For each zone, the clinician would calculate a number using the lung ultrasound scoring system (LUSS):

  • LUSS 0 -- A-lines or one to two B-lines, a smooth, thin pleural line
  • LUSS 1 -- More than two, discrete B-lines, an irregular or thickened pleura
  • LUSS 2 -- Confluent B-lines, subpleural consolidations less than 1 cm in height
  • LUSS 3 -- Consolidations more than 1 cm in height, air bronchogram, vascularity

The CLUE protocol then takes the cumulative LUSS score for each of the 12 zones and adds it to other patient factors to classify the severity of the patient and the suggested treatment.
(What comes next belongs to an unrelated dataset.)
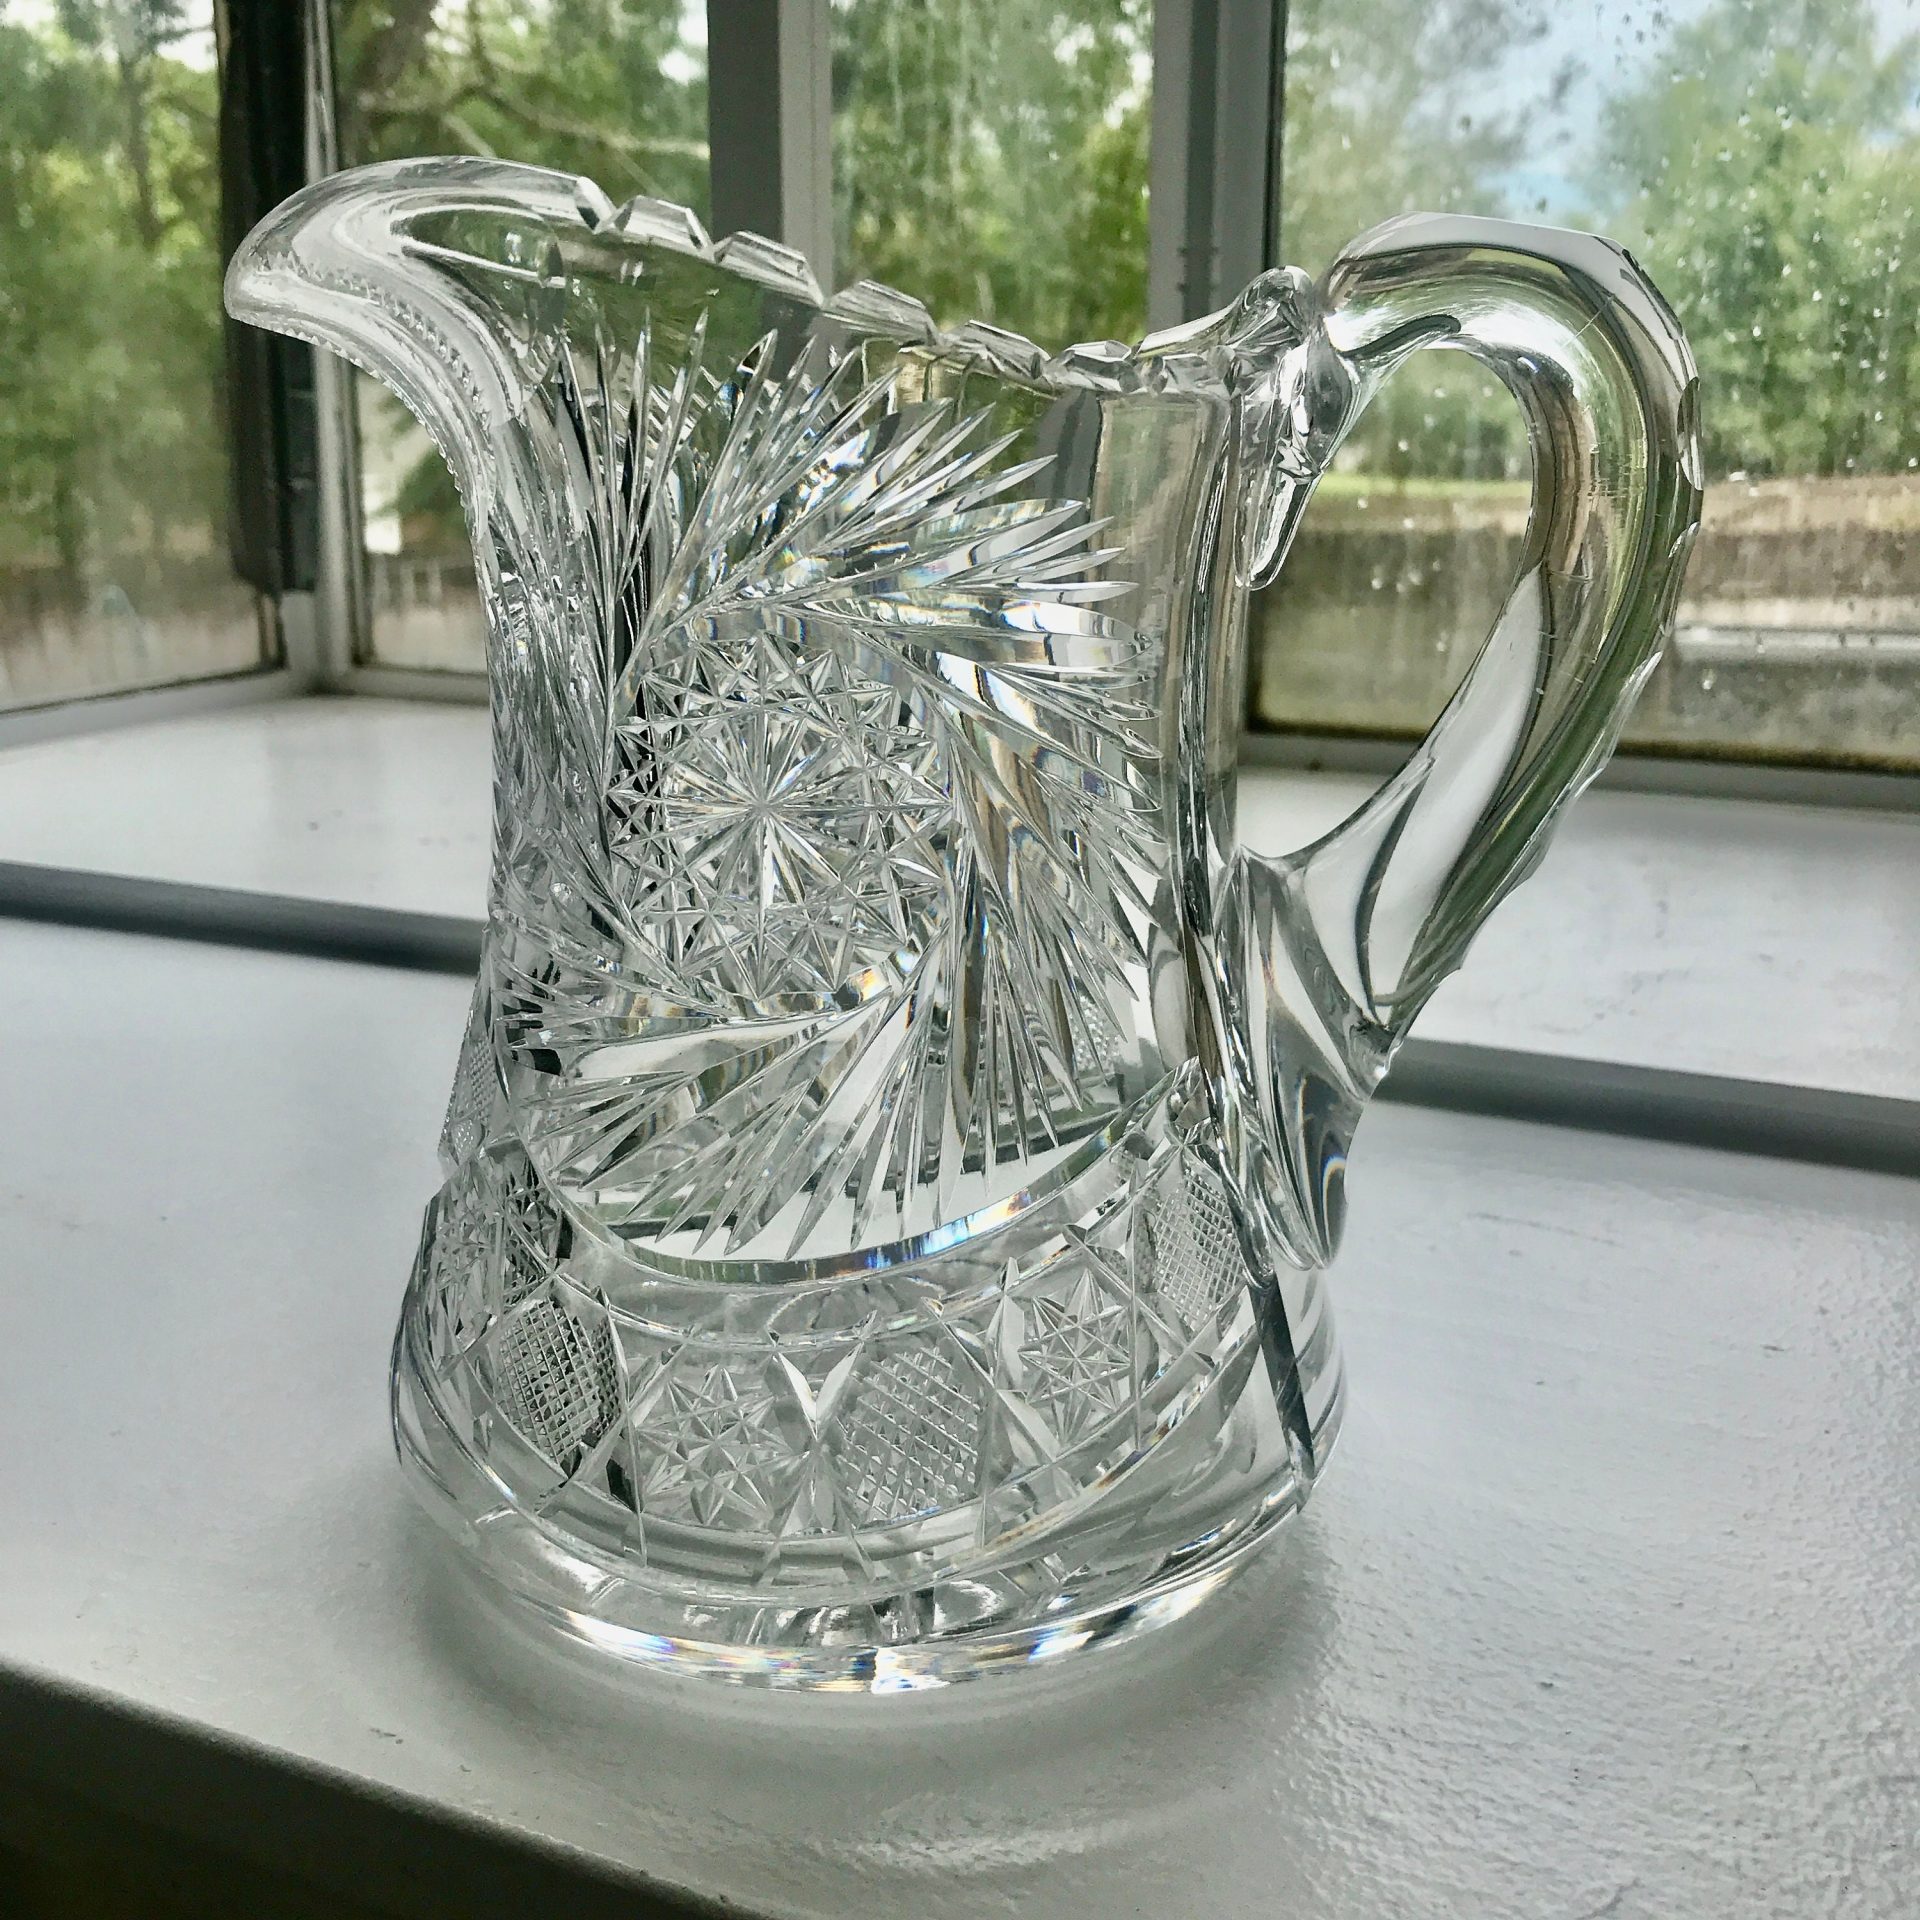 https://www.truevintageantiques.com/wp-content/uploads/2022/05/antique-american-brilliant-cut-crystal-pitcher-beautiful-large-cut-rim-and-handle-mint-condition-7-1-4-tall-collectible-display-elegant-629176aa10-scaled.jpg

CLUE protocol for patients with COVID-19
Risk classification LUSS Score Supplemental oxygen Suggested treatment(s)
Normal 0 No • Send patient home
Yes • Consider alternate cause
Mild 1-5 No • Send patient home with follow-up monitoring
Yes • Send patient home with pulse oximetry monitoring and/or oxygen

• Consider ward admission

• Involve respiratory/ICU physician

Moderate 6-15 No • Send patient home with pulse oximetry monitoring and/or oxygen

• Consider ward admission

• Involve respiratory/ICU physician

Yes • Admit to ward

• Consider ICU admission

• Involve respiratory/ICU physician

Severe 16+ No • Admit to ward

• Involve respiratory/ICU physician

Yes • Admit to ICU

• Involve respiratory/ICU physician

The authors cautioned that the CLUE protocol is only a suggestion and that clinicians should also take into account other patient factors, such as heart disease, when making patient diagnostic and triage decisions. They are currently conducting a multicenter trial to test the system in emergency departments throughout Australia and New Zealand.

The researchers hope that the CLUE protocol unifies patient care and reduces the need for supplemental radiology procedures.

"This protocol will aid the clinician to make rapid and appropriate bedside clinical decisions, potentially decrease reliance on chest x-rays or CT scans, and aid disposition planning from the emergency department," they concluded.